Predictors of Pre-Transplant Mortality for HIV-Infected Subjects
In univariate proportional hazards models (Table 4) HCV infection, CD4 count at enrollment, and protease inhibitor use were not associated with increased risk of death or MELD elevation of ≥25. Detectable HIV RNA at baseline, however, increased the hazard of death (HR=3.2, 95% CI: 1.2–8.6, p=0.02) and rate of progression to MELD≥25 (HR=2.79, 95% CI 1.4–5.7, p=0.005). Not surprisingly, high baseline MELD (≥25) was also associated with greater hazard of death (HR=15.0, 95% CI 5.2–43.3, p<0.0001).
Table 4.
Univariate Analysis | ||||
---|---|---|---|---|
Risk Factor at Enrollment | Hazard for Death | Hazard for MELD >25 | ||
MELD > 25 | HR = 15.0 | p<0.0001 | - | |
HCV Co-Infection | HR = 1.0 | p = 0.97 | HR = 0.8 | p = 0.52 |
Protease Inhibitor Regimen | HR = 1.5 | p = 0.37 | HR = 1.2 | p = 0.59 |
CD4 < 200/μl | HR = 1.1 | p = 0.74 | HR = 1.0 | p = 0.94 |
Detectable HIV RNA | HR = 3.2 | p = 0.02 | HR = 2.79 | p = 0.005 |
Multivariate Analysis | ||
---|---|---|
Risk Factor at Enrollment | Hazard for Death | |
MELD 15–19 | HR = 5.7 | p = 0.005 |
MELD 20–24 | HR = 21.4 | p < 0.0001 |
MELD ≥ 25 | HR = 101.1 | p < 0.0001 |
CD4 < 200/μl | HR = 2.4 | p = 0.07 |
Detectable HIV RNA | HR = 1.0 | p = 0.98 |
In multivariate proportional hazards models for death, after controlling for CD4 count and detectable HIV RNA, the only significant predictor of mortality was pre-transplant MELD. This was true for MELD as a dichotomous variable <25 and ≥25 (HR=19.5, 95% CI: 5.8–66.0, p<0.001), and as a four-level categorical variable (Table 4). When MELD <15 was used as the reference category, relative hazard increased as MELD score increased. When baseline MELD score was examined as a linear variable, after adjusting for both CD4 count <200/μl and detectable baseline HIV RNA, each unit increase in MELD score was associated with a 20% increase in the risk of pre-transplant death (p<0.0001).
Discussion
End-stage liver disease (ESLD) in patients co-infected with human immunodeficiency virus (HIV) and hepatitis C virus (HCV) has only recently become an indication for liver transplantation (12–14). With the availability of highly active antiretroviral therapies the mortality from HIV is declining. It is projected, however, that mortality from HCV will continue to increase over the next 25 years (15). HIV is known to accelerate the progression of hepatitis C virus-associated liver fibrosis, cirrhosis, hepatic encephalopathy, and death (9,16), while HAART may slow ESLD progression among co-infected individuals (11,17). Unique risk factors for ESLD and liver-related mortality have been identified in HIV/HCV co-infected patients, such as a limited CD4 improvement and failure to maintain an undetectable viral load on antiretroviral therapy (8–10). Despite these data suggesting that HIV disease stage and/or its treatment with antiretroviral therapy may impact mortality in HIV-infected patients considered for liver transplantation, organ allocation in most centers has been based on models derived from HIV-uninfected persons with ESLD. Importantly, our data demonstrate that after controlling for variables such as CD4 count at the time of listing and HIV RNA level, baseline MELD was the only independent predictor of pre-transplant mortality in HIV-infected liver transplant candidates.

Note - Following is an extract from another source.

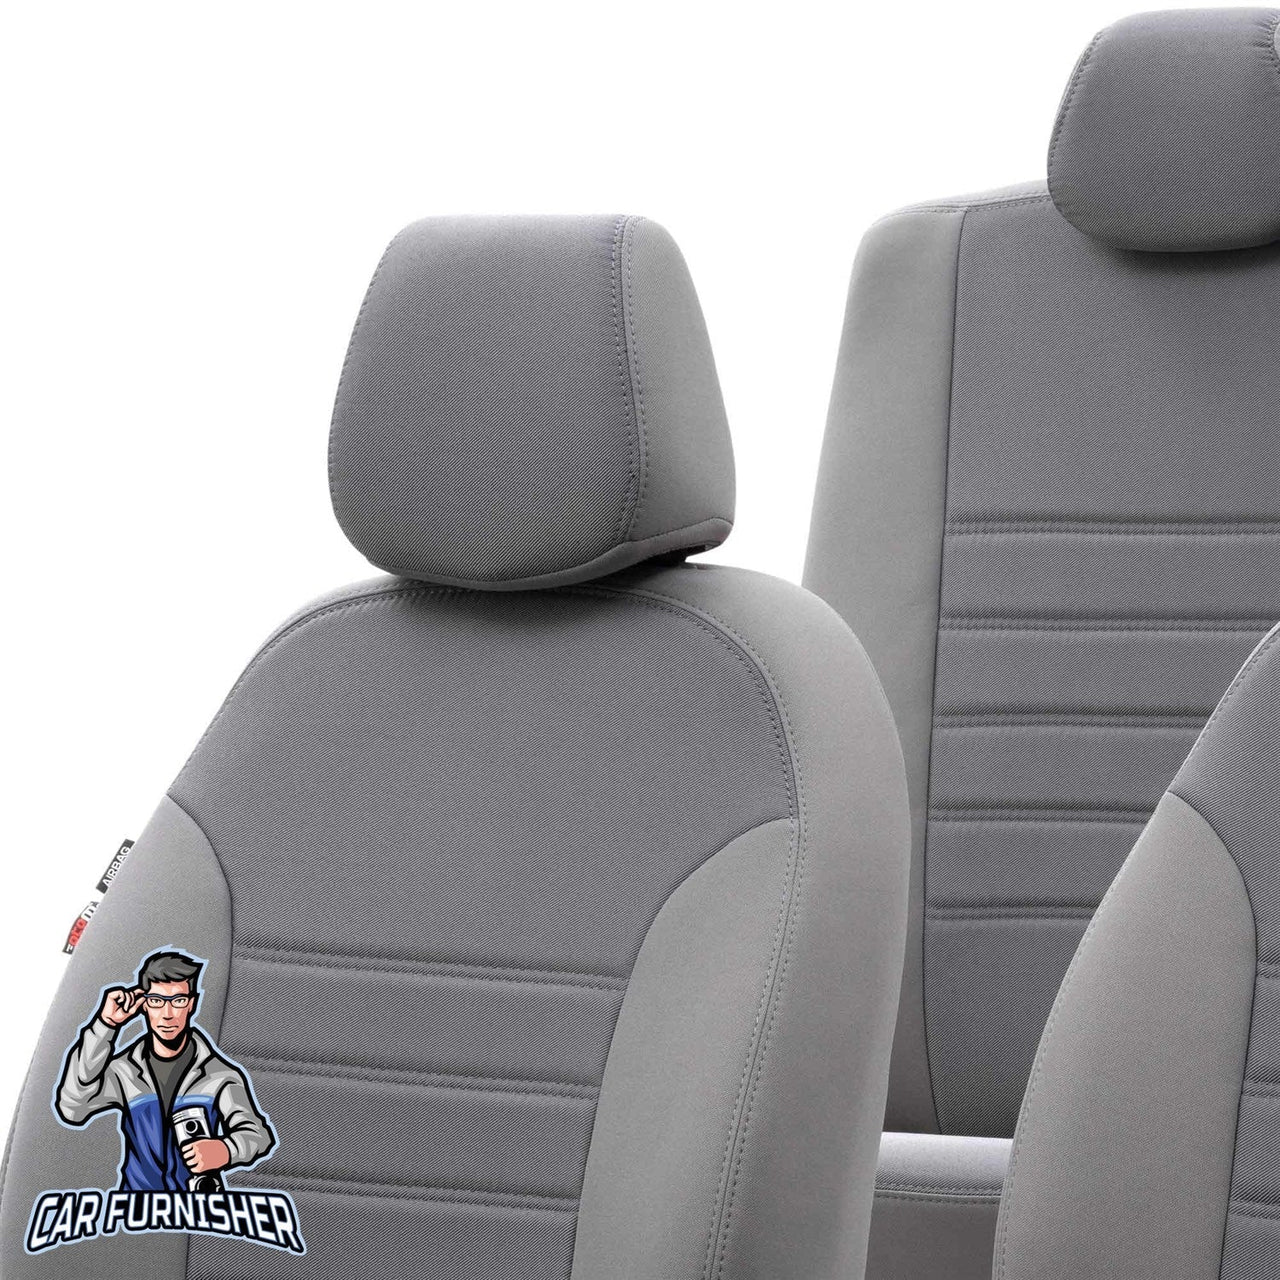 Bmw X3 Seat Cover Original Jacquard Design Gray Jacquard Fabric

A lower proportion of the HIV-infected patients was transplanted as compared to the UNOS controls. This may be partly explained by the regional variation of the participating transplant centers or complicating illness precluding transplantation. The majority of HIV-infected patients were located in regions of the country that historically have longer wait times for organs, while the UNOS controls were evenly distributed throughout the US. A higher percentage of HIV-infected subjects were either temporarily inactive status or removed from the wait list as compared to the UNOS controls, which may have led to the differential rates of transplant. There was, however, no difference in cause of death between both groups nor were there any deaths due to opportunistic infections in the HIV-infected patients. This cohort of patients was required to have a fairly robust CD4 count at entry and maintain it above 100 cells/mL in order to remain eligible for transplant. This may explain the lack of opportunistic infections seen.

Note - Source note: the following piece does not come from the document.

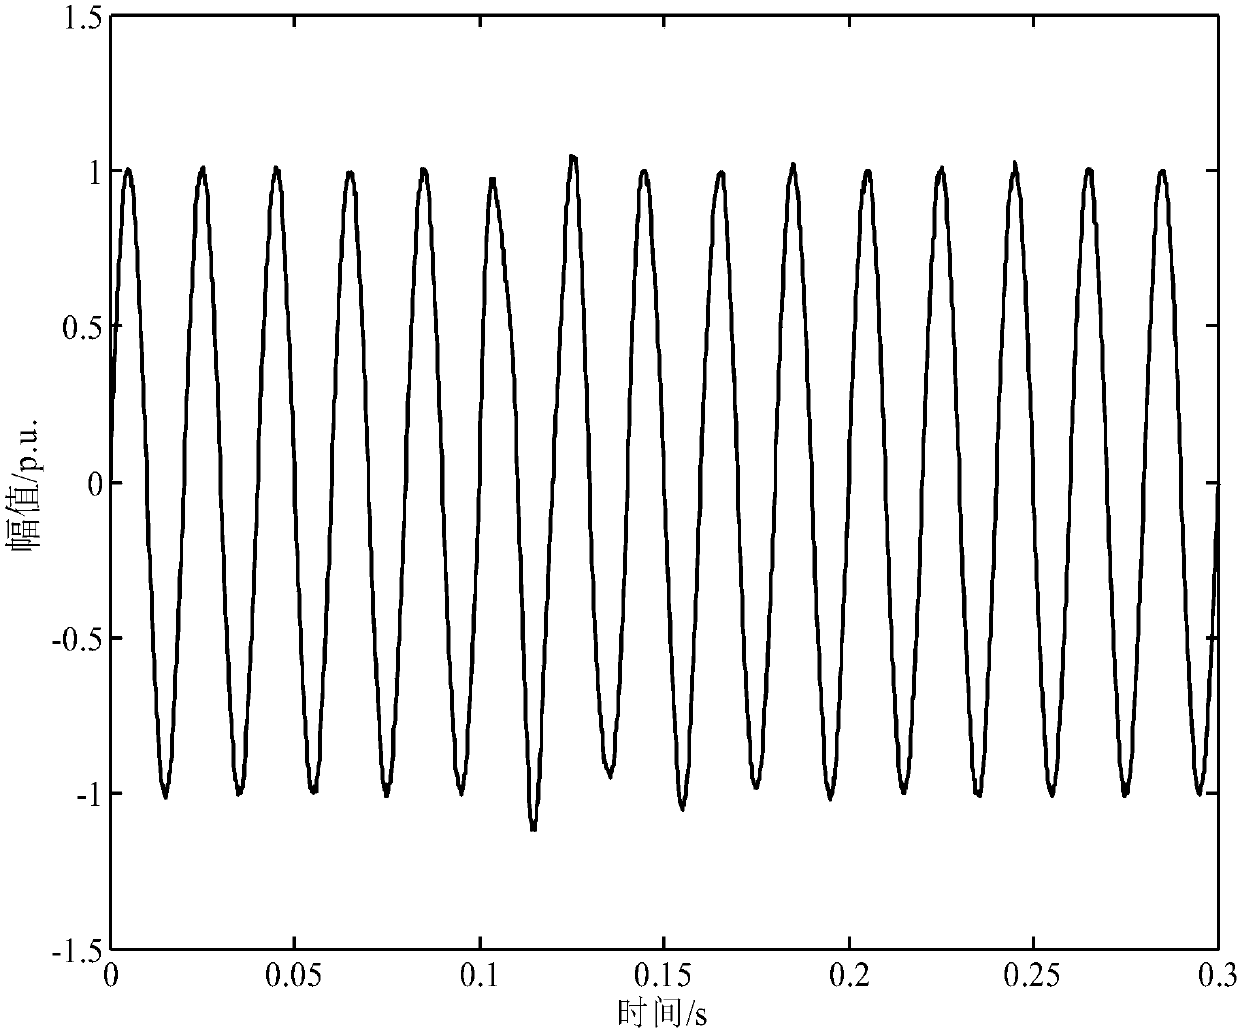 Transient-oscillation-parameter identification method based on morphological filtering and blind source separation

Interestingly, there was no significant difference in mortality in HIV-infected and uninfected patients waiting for liver transplantation. In contrast, previous reports have found shorter pre-transplant survival in HIV-positive liver transplant candidates, unrelated to severity of liver or HIV disease (8,9). Unlike these studies that included patients irrespective of stage of HIV disease, while patients on our study met specific HIV disease criteria (e.g. adequately controlled HIV replication and CD4 ≥ 100/ul) in addition to standard transplant criteria for other comorbid conditions. Further, they were enrolled only at the time of placement on the transplant wait list, and underwent rigorous routine pre-transplant evaluation, including cardiac stress tests, pulmonary function tests, with optimization of their overall health status by multiple subspecialty care providers. It is possible that lead bias affected our results, for example, if subjects in this study were at an earlier stage of ESLD than HIV-infected patients in the previous studies. Nonetheless, among HIV-infected persons considered for liver transplant, our findings strongly support the use of the MELD score to predict mortality and to guide the allocation of limited organs given that each point increase in MELD was associated with a 20% greater risk of death in our HIV-infected patients.

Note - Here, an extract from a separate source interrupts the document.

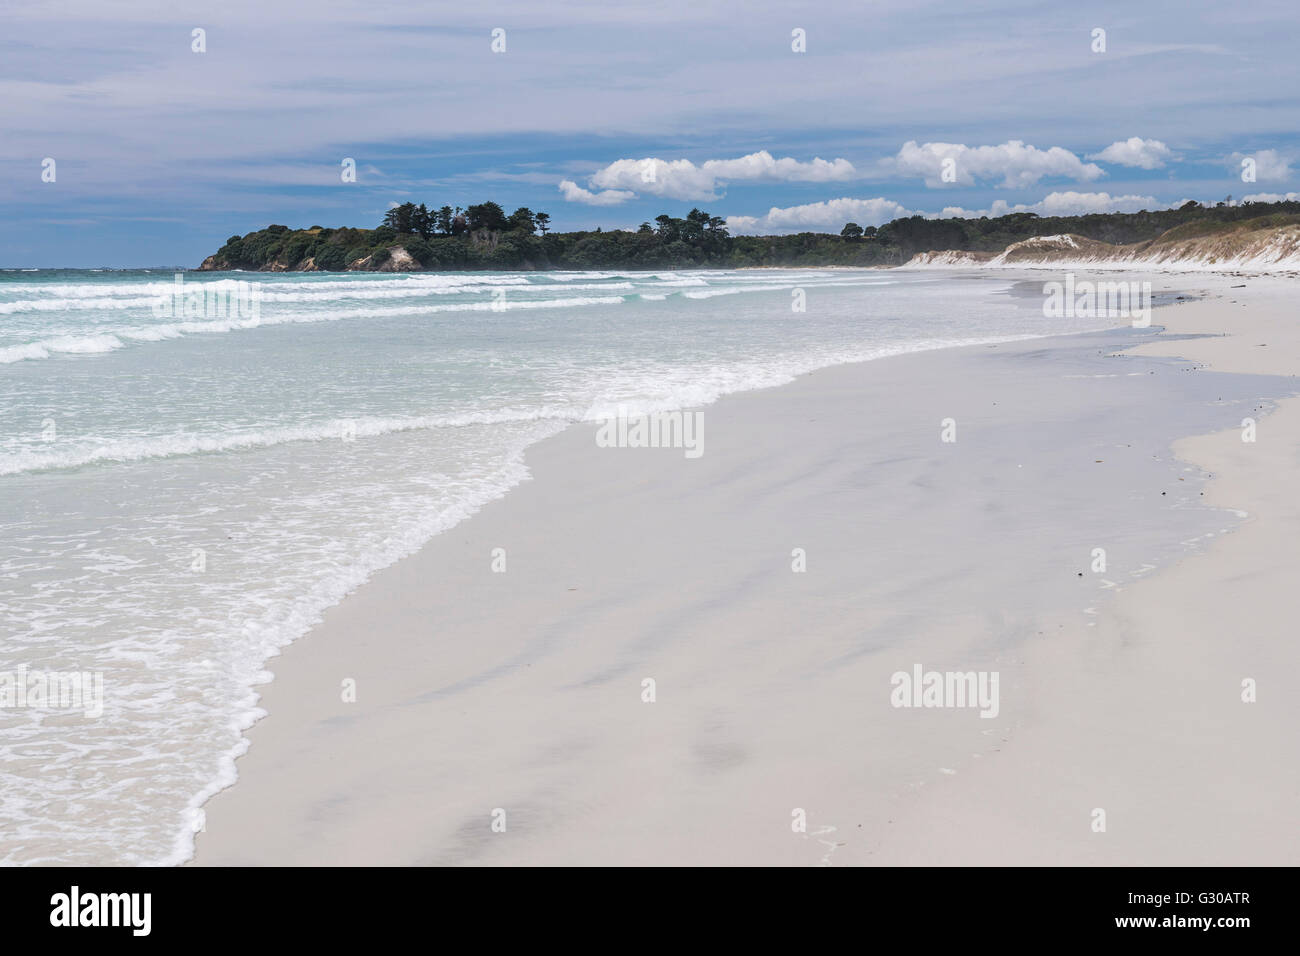 Plage Rarawa, populaire et très belle plage de sable blanc dans la région de Northland, île du Nord, Nouvelle-Zélande, Pacifique Banque D'Images

Patients with hepatocellular carcinoma (HCC) were not included in this cohort as they receive priority for organ allocation and which could introduce bias when evaluating predictors of mortality. A recent case-control study of patients with HCC showed that those with HIV infection were usually younger and more likely symptomatic, but tumor staging and survival appeared to be similar in those with and without HIV-infection (18). It will be important to prospectively study outcomes in HIV-infected patients with HCC.
The data we report have implications for monitoring and management of the HIV/HCV co-infected individual. There may be better predictors of mortality in HIV/HCV co-infection, especially in patients with more advanced HIV disease, such as MELD combined with CD4 count. Further, MELD-Na, which incorporates serum sodium concentrations along with the traditional MELD calculations, may be a more accurate predictor (19). Unfortunately, we had insufficient data to determine if any of these markers would have been better predictors of pre-transplant mortality.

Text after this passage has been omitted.